Data for this exercise:
..............................
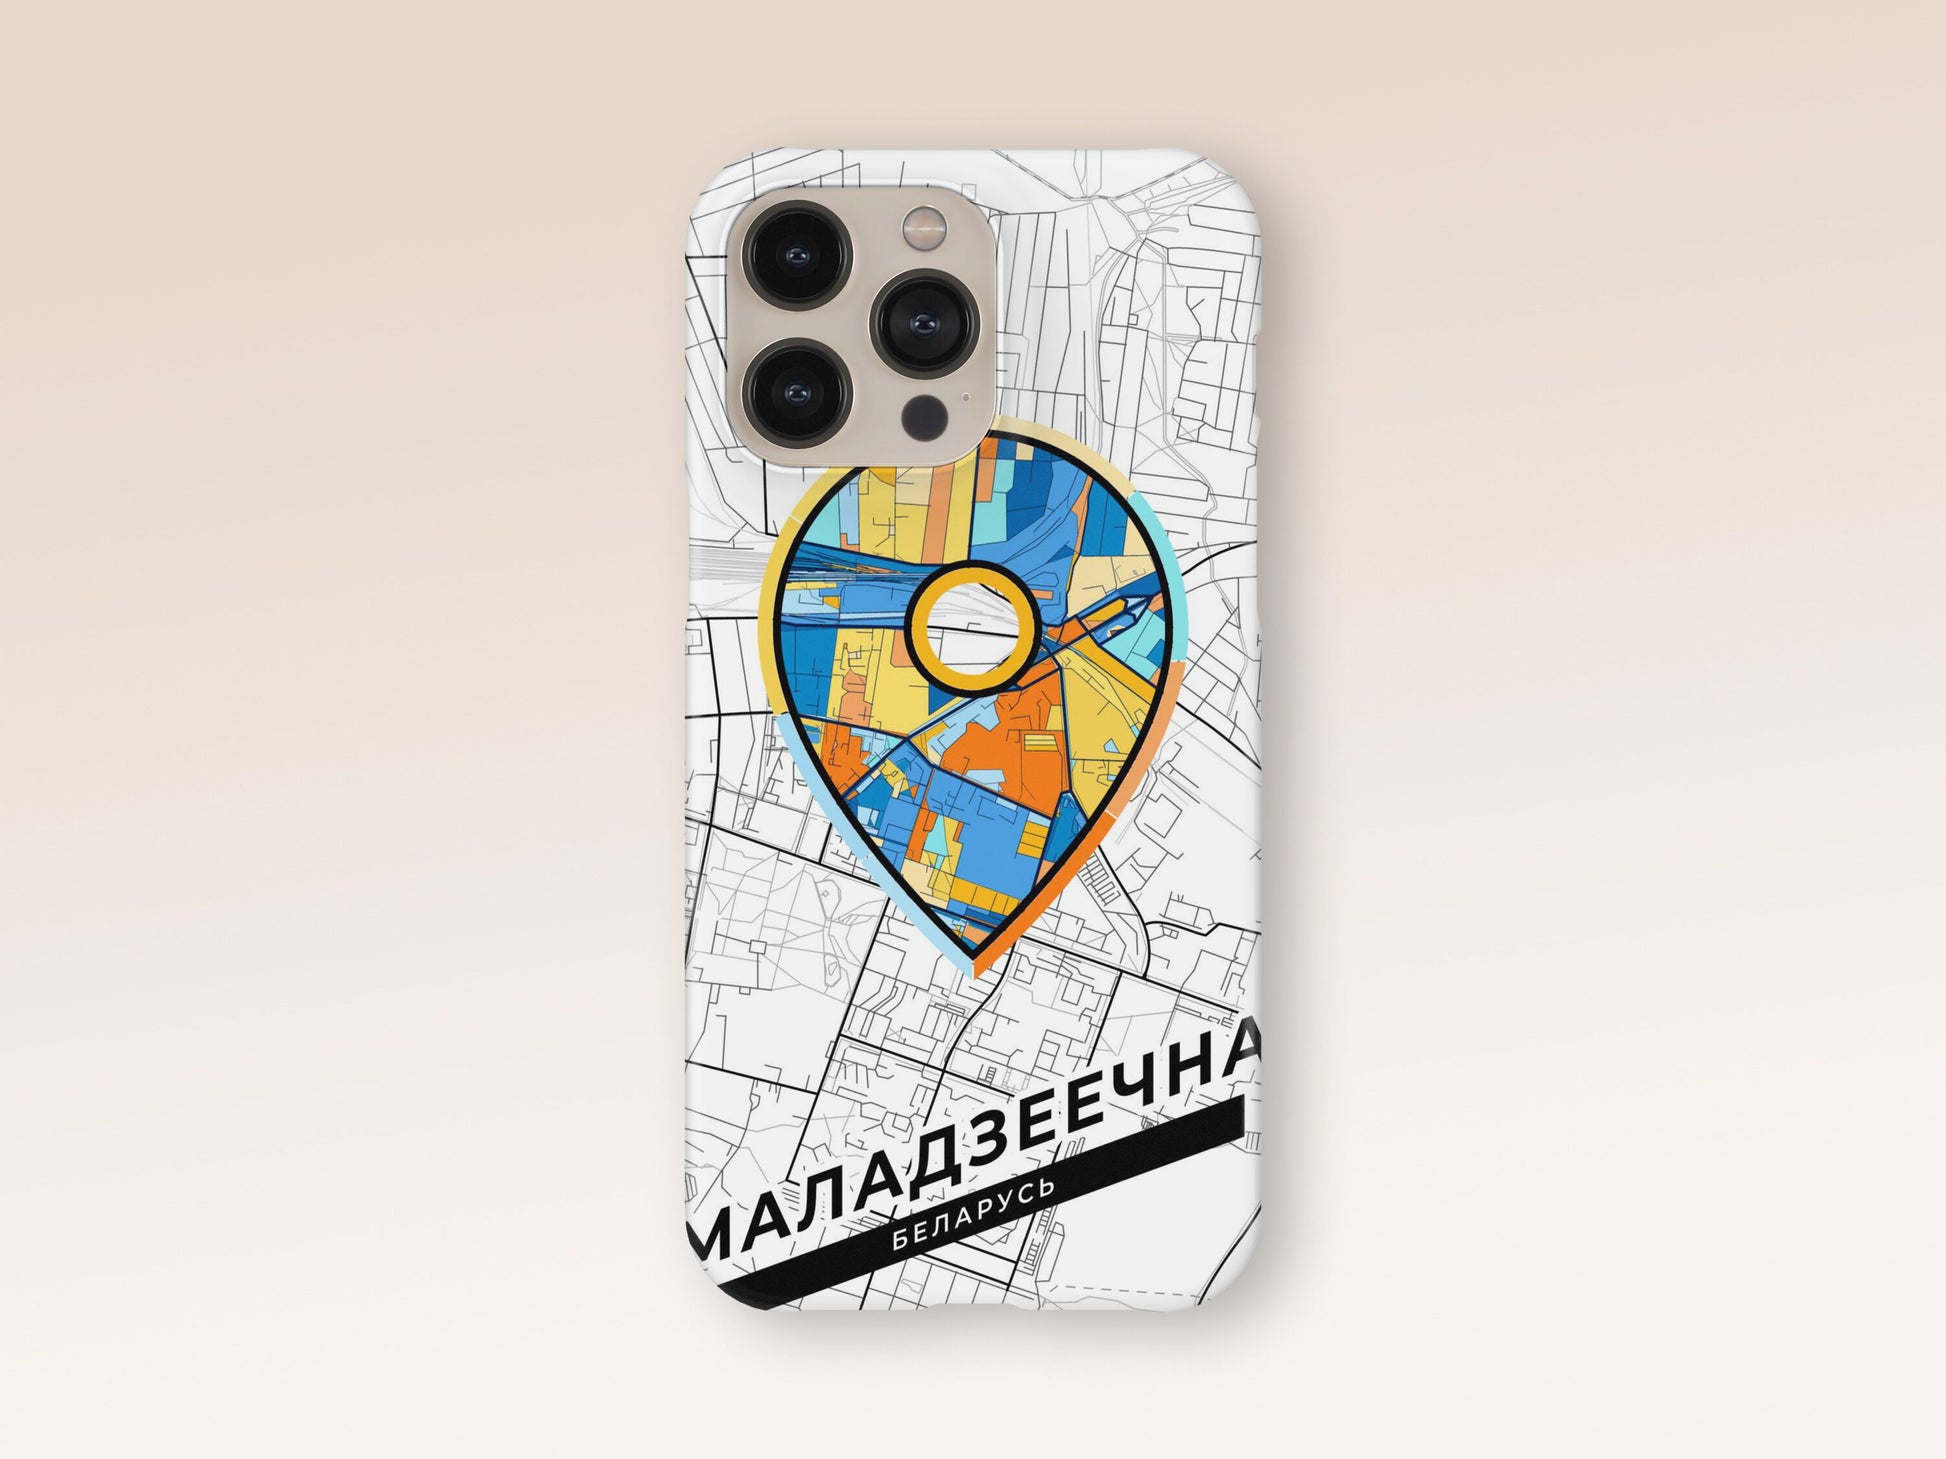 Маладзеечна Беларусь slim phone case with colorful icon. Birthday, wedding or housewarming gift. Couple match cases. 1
..............................
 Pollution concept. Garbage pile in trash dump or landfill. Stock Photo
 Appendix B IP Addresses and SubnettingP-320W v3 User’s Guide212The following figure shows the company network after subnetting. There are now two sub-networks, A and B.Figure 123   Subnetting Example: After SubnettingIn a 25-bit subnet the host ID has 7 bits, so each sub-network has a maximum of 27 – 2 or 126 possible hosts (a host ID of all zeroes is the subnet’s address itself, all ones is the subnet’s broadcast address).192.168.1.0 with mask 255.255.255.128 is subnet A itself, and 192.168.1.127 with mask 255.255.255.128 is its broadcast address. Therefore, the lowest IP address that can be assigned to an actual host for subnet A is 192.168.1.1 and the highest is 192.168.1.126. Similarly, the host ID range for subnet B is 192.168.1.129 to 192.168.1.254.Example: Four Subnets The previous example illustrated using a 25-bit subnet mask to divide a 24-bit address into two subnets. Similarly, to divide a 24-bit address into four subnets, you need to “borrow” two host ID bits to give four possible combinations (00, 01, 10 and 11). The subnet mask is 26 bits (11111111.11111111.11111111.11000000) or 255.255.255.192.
..............................
Requirement:
Only the lines above from the line containing "Pollution concept. Garbage" through the line containing "Appendix B IP" should be retyped, exactly and with both ends included.

Final answer:
 Pollution concept. Garbage pile in trash dump or landfill. Stock Photo
 Appendix B IP Addresses and SubnettingP-320W v3 User’s Guide212The following figure shows the company network after subnetting. There are now two sub-networks, A and B.Figure 123   Subnetting Example: After SubnettingIn a 25-bit subnet the host ID has 7 bits, so each sub-network has a maximum of 27 – 2 or 126 possible hosts (a host ID of all zeroes is the subnet’s address itself, all ones is the subnet’s broadcast address).192.168.1.0 with mask 255.255.255.128 is subnet A itself, and 192.168.1.127 with mask 255.255.255.128 is its broadcast address. Therefore, the lowest IP address that can be assigned to an actual host for subnet A is 192.168.1.1 and the highest is 192.168.1.126. Similarly, the host ID range for subnet B is 192.168.1.129 to 192.168.1.254.Example: Four Subnets The previous example illustrated using a 25-bit subnet mask to divide a 24-bit address into two subnets. Similarly, to divide a 24-bit address into four subnets, you need to “borrow” two host ID bits to give four possible combinations (00, 01, 10 and 11). The subnet mask is 26 bits (11111111.11111111.11111111.11000000) or 255.255.255.192.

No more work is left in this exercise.